The size of the headline award — and its proximity to a multi-quarter denial streak — makes the program’s signaling effect significant. Filings indicate the Commission is again willing to pay top-dollar bounties to insiders who deliver original information that materially advances enforcement actions involving investor-facing disclosures.
2. DOJ OIG opens audit of Epstein Files Transparency Act compliance
The Department of Justice Office of the Inspector General announced on April 23 the initiation of an audit of DOJ’s compliance with the Epstein Files Transparency Act. The preliminary objective, according to the OIG’s notice, is to evaluate the Department’s processes for identifying, redacting, and releasing records in its possession as required by the statute.

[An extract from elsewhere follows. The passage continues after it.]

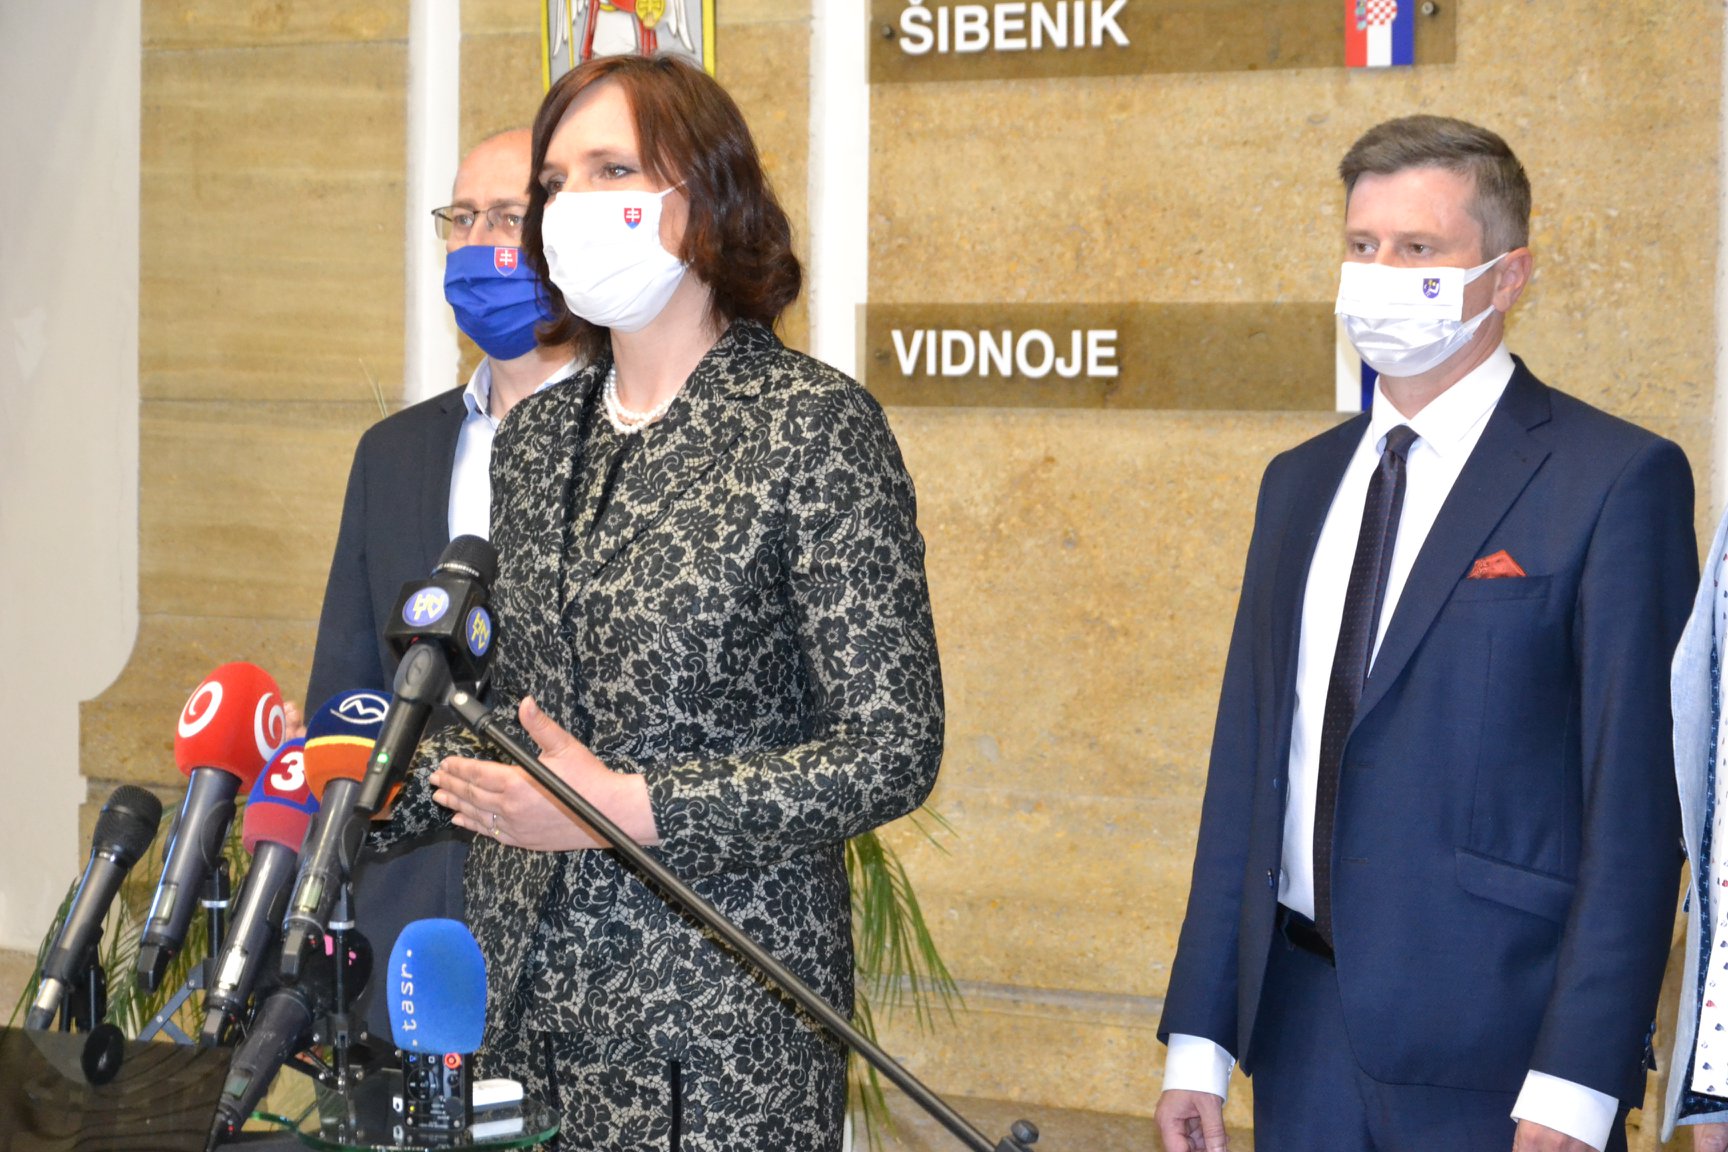 Vicepremiérka Veronika Remišová: Podarilo sa zachrániť 400 pracovných miest v Humennom. Osobitne v čase krízy je pre štát dôležité každé jedno pracovné miesto

The audit is procedural in nature — it does not allege wrongdoing — but its scope is substantively broad. Records suggest the review will examine production timelines, redaction methodologies, and the inter-component coordination required to surface materials held by the FBI, the Criminal Division, and US Attorneys’ offices. Coverage in The Washington Post and JURIST News frames the audit as the first independent check on the executive branch’s adherence to the Act since its enactment.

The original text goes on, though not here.